От Аллана во все стороны летят электрические разряды, и мне кажется, что я сейчас сама заискрюсь.
    
А вот у Стефани, похоже, имеется громоотвод. По коридору она плывет, а не скачет за Алланом, и ее длиннющая юбка с воланами флегматично шуршит в десяти шагах от нас. Аллан несколько раз нервно оглядывается и переходит на шаг.
    
Усадив нас за компьютеры и убедившись в моей полной технической безграмотности, Аллан громко расстраивается, еще раз скороговоркой инструктирует Стефани и убегает. Почти убегает, потому что, не успев исчезнуть, снова появляется в дверях:
    
– Забыл спросить... Надеюсь, вы сдали список учебников в библиотеку?
    
Стефани кивает, и Аллан с довольным видом окончательно закрывает дверь.

А я достаю мобильник и набираю номер Пола... Собираюсь рыдать в трубку и проситься домой.

***
– А кто такой этот Ша... Шампиньон? – застенчиво покраснев, спрашивает Стефани. – Я думала, «Розетский камень» – это просто учебная программа...
    
Стефани такая милая!.. И вовсе она не высокомерная, как мне показалось сначала.
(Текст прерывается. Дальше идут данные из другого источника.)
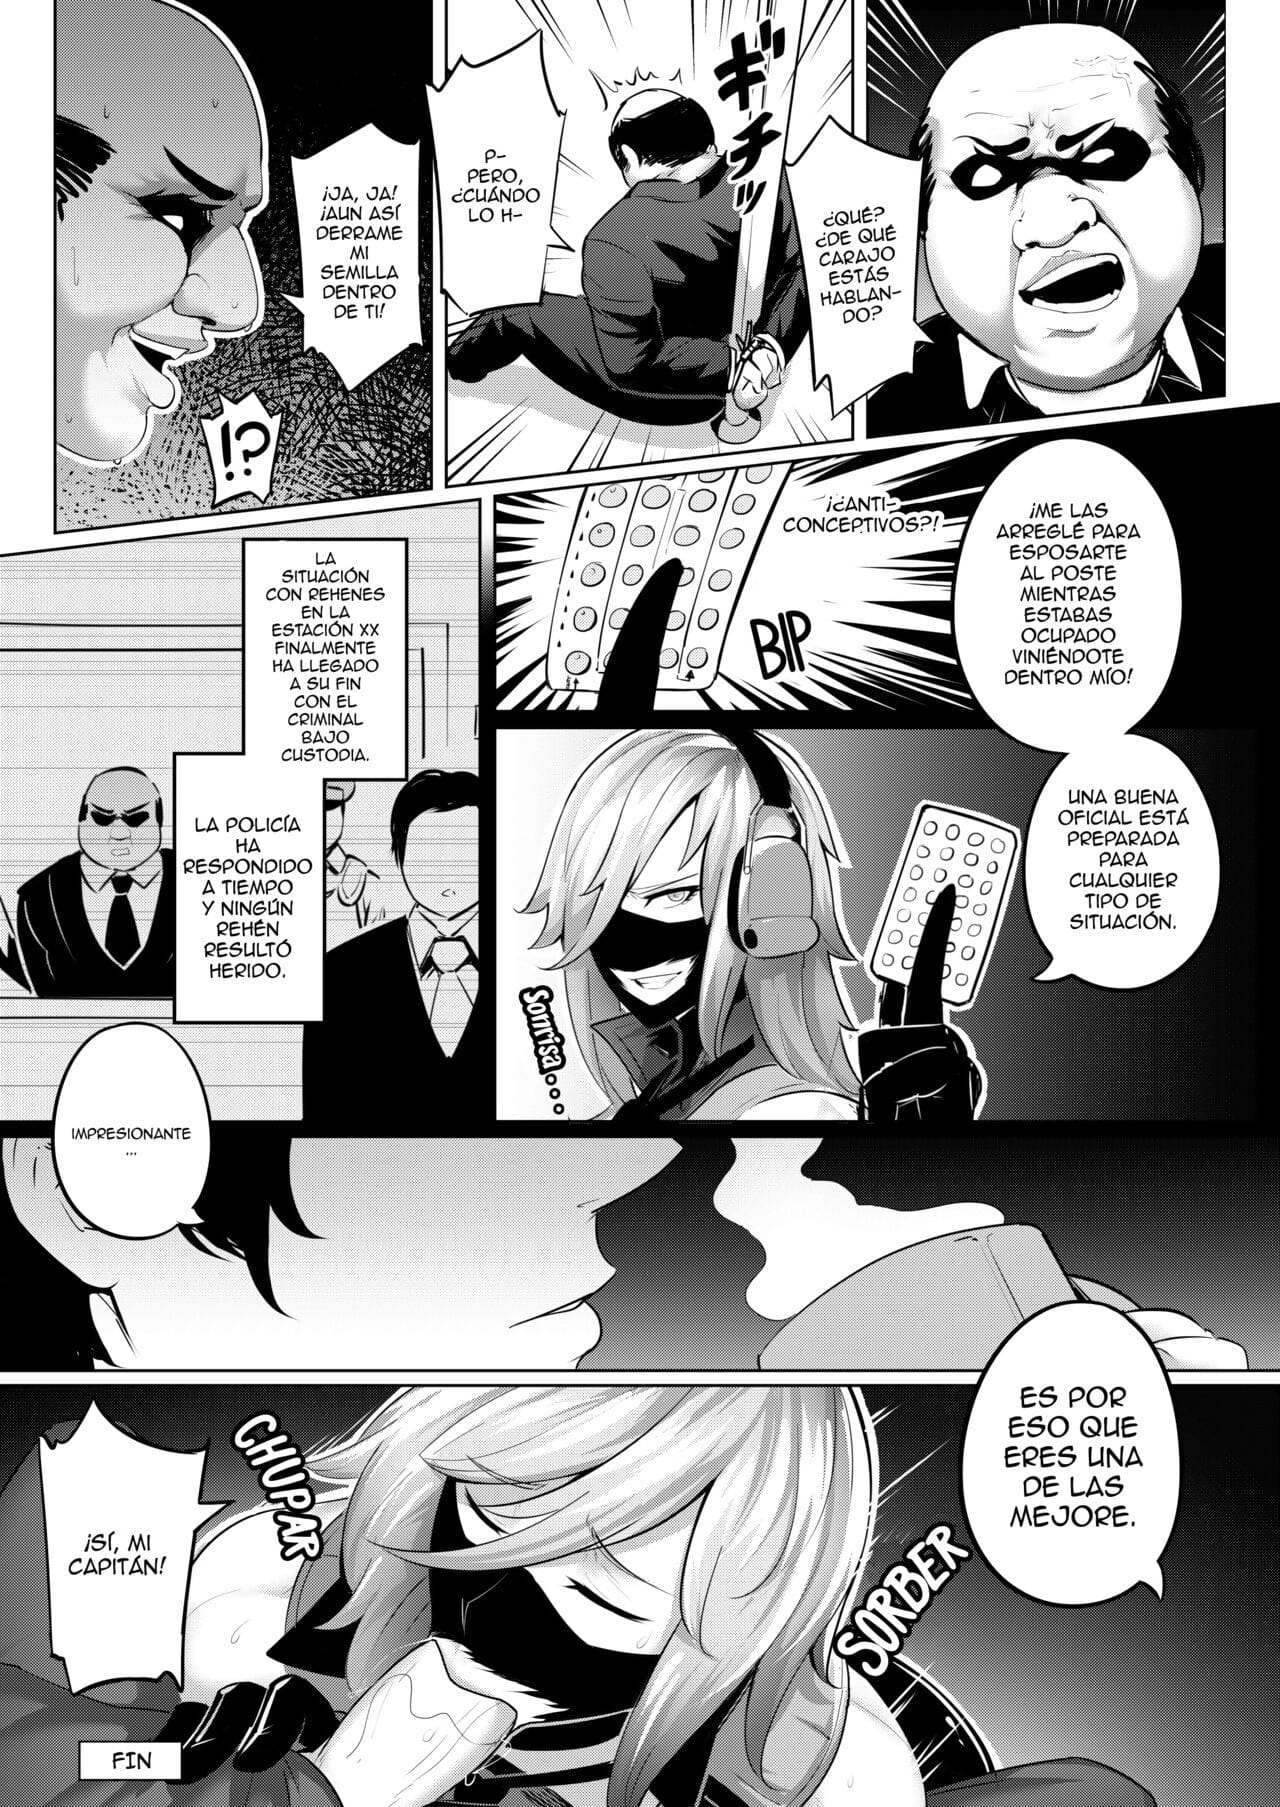 la 最高裁判所 es una esclava obediente page 1
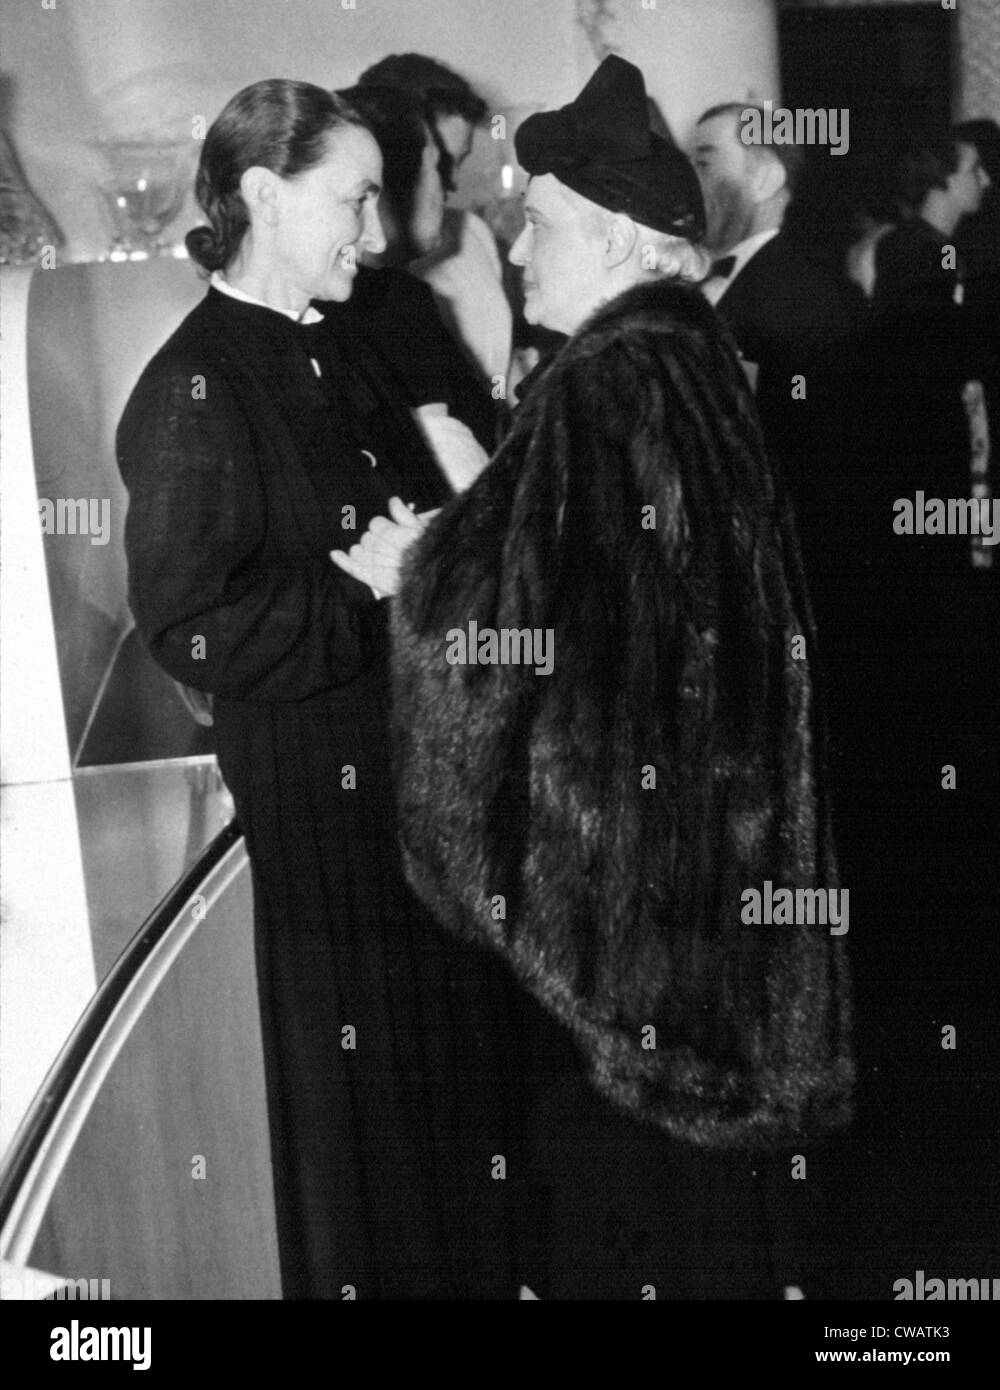 GEORGIA O'KEEFFE, Gruß Mrs Chester Dale, ein bekannter Kunstsammler, Januar 1940.  Foto-Höflichkeit: Everett/CSU Archive. Stockfoto

Разрядившийся телефон из последних сил пытается соединить меня с Полом, отчаянно пищит и гаснет. Стефани предлагает свой, но рыдать почему-то расхотелось...
    
По гороскопу я – близнец, а потому, как у всех близнецов, голова у меня напичкана нужными и ненужными сведениями из самых разных областей. Книга про расшифровку надписи на Розетском камне попала мне в руки случайно, но история оказалась такой интересной, что я запомнила ее на всю жизнь. Стефани слушает внимательно и даже задает вопросы. Я тоже решаюсь спросить – про список учебников... Что это за учебники и где найти список?
    
– Список преподаватели  составляют сами, – охотно объясняет Стефани. – Подбирают  учебники для всего семестра и оформляют заказ в библиотеке. Студенты и школа оплатят заказ – и у каждого будет собственный комплект. Правда, удобно?
    
– А где эти учебники, из которых можно что-то выбрать?
    
– Ну, не знаю.. Как-то все находят... Заранее, в интернете или через книжные магазины... А ты что, еще не составила список?
    
Стефани спрашивает об этом так буднично, что я тоже перестаю воспринимать происходящее как трагедию. Мотаю головой и вопросительно смотрю на нее.
   
– Я не знала, что учебники нужно самой искать... Я тут первый раз... А что же теперь делать?..
    
– Не знала? Ну и забудь об этом! – неожиданно находит выход Стефани. – “Forget about it”.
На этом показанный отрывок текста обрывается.